Significant (r2 = .20, p = .0007, Pearson correlation) reciprocal relationship between the quantity of IgM anti-cocaine antibody in pre-immunization sera and IgG anti-cocaine antibodies attained by the same individuals 16 weeks after immunization.
To evaluate whether the antibodies detected by ELISA were specific for cocaine, we performed competitive inhibition studies on four sera containing high IgM anti-cocaine antibody levels. Figure 2 shows that binding of the IgM anti-cocaine antibodies in one of these sera could be inhibited by free cocaine in a dose dependent manner. The IC50, that is the concentration of free cocaine that inhibited antibody binding by 50%, was 4.2 mM. Binding of IgM antibodies to the norcocaine–BSA target could not be inhibited by methamphetamine.

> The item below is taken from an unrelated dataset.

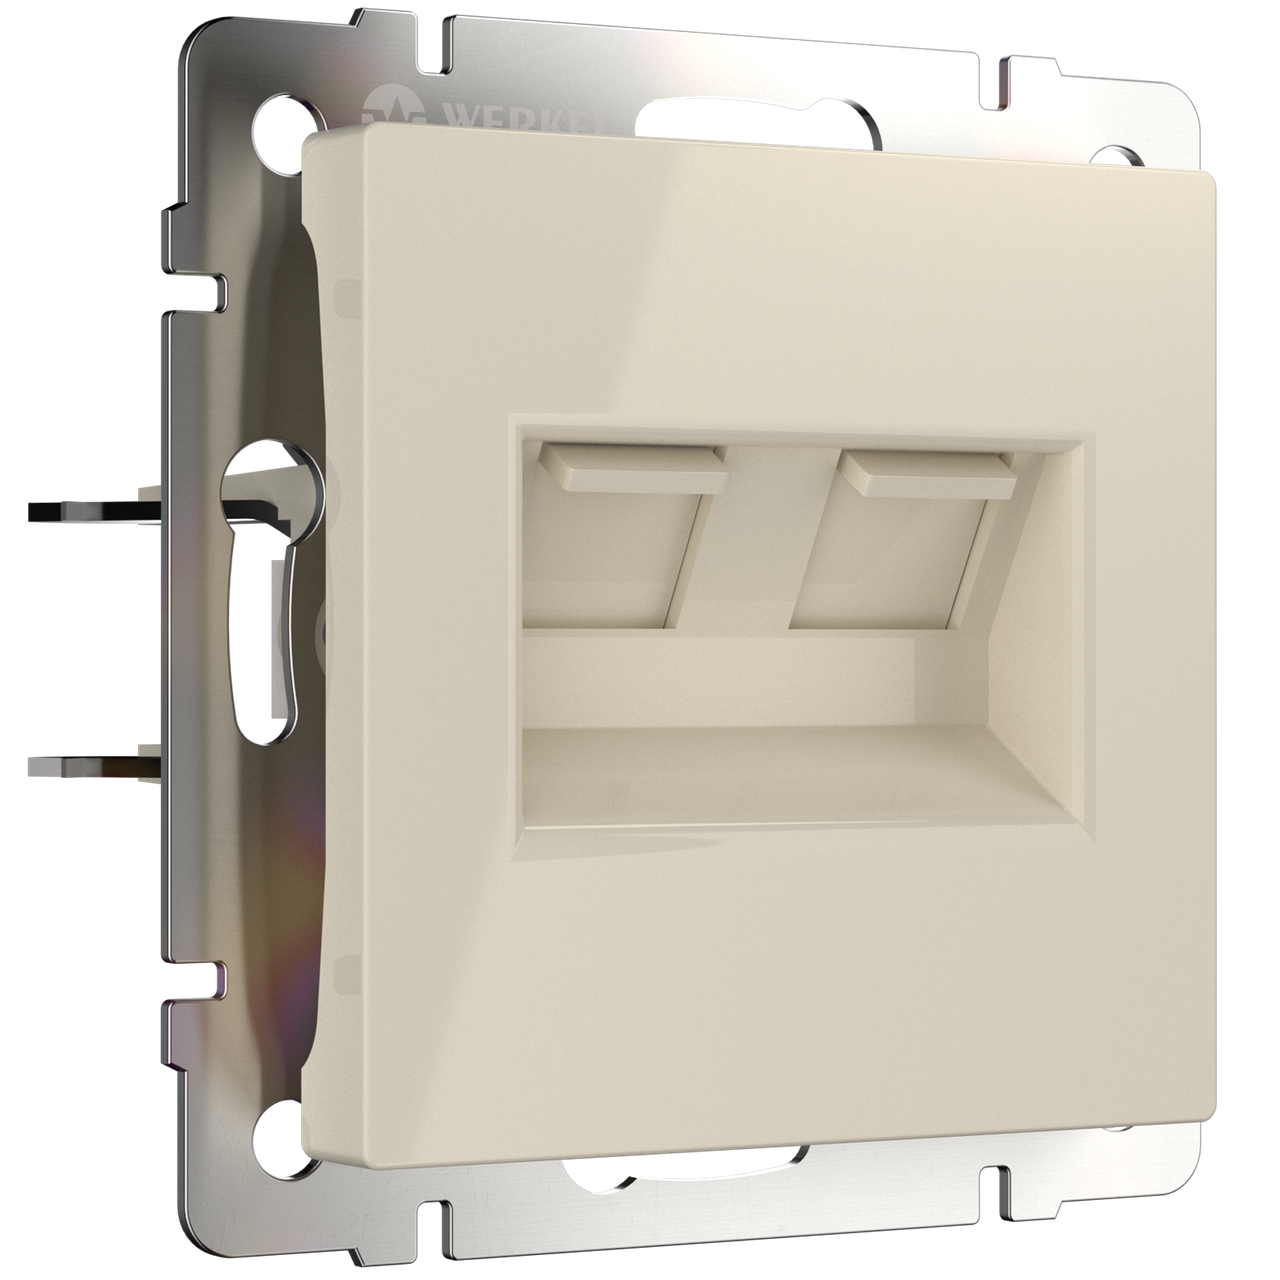 Розетка телефонная RJ-11 и Ethernet RJ-45 /WL04-RJ11-45-white (белая)

The average cocaine IC50 for the four sera with high IgM anti-cocaine concentrations we studied was 3.25 ± .91 mM.
FIGURE 2.
Competitive inhibition assay to test specificity of the IgM antibodies that react with cocaine. In the case shown in the figure the serum, diluted 1:2,000, was incubated for 1-hour with increasing concentrations of cocaine (diamonds) or methamphetamine (squares), and then assayed by ELISA for reactivity with the cocaine conjugate. The resulting optical densities (ODs) at various concentrations were divided by the maximum OD observed with no drug competitor. These results were expressed as the percent residual antibody binding plotted against the drug concentration.

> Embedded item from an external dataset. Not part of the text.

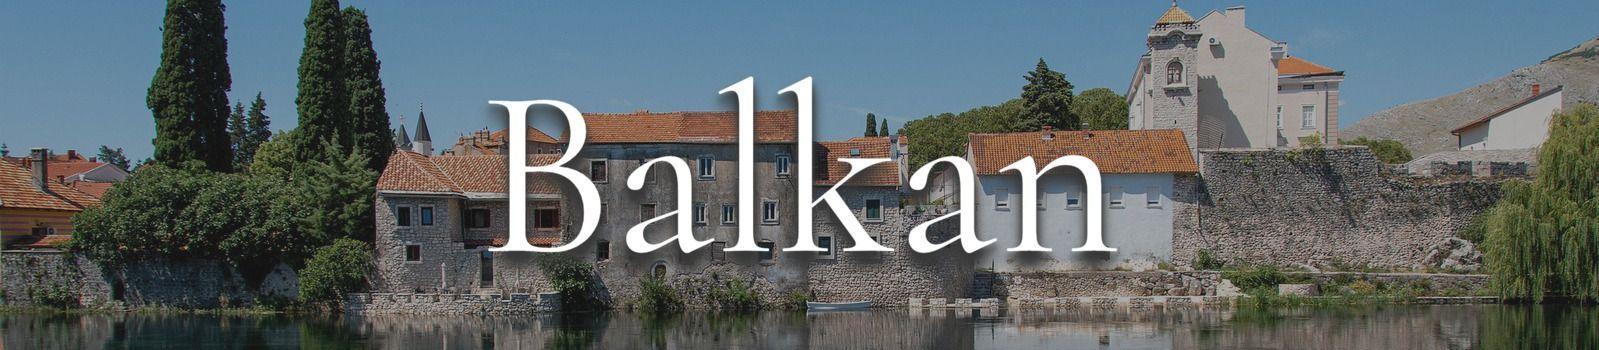 Balkan Banner

To evaluate whether measurement of pre-immunization IgM anti-cocaine antibodies provided a prognostic indicator for the response specifically to the cocaine moiety of the cocaine CTB vaccine or whether it was an indicator of the general response to immunization, we looked at the relationship between the IgM anti-cocaine antibodies in pre-immunization sera and the peak responses to the CTB component of the vaccine. The data in Fig. 3 shows that high levels of IgM anti-cocaine antibodies in pre-immunization sera were also significantly associated with a relatively lower response to the carrier protein, CTB, as supported by both Pearson and Spearman correlations (p < .01).
FIGURE 3.
IgM anti-cocaine antibodies in pre-immunization sera were reciprocally correlated (p = .0126, Spearman correlation) with the levels of IgG anti-CTB antibodies attained 16 weeks after immunization by these same individuals.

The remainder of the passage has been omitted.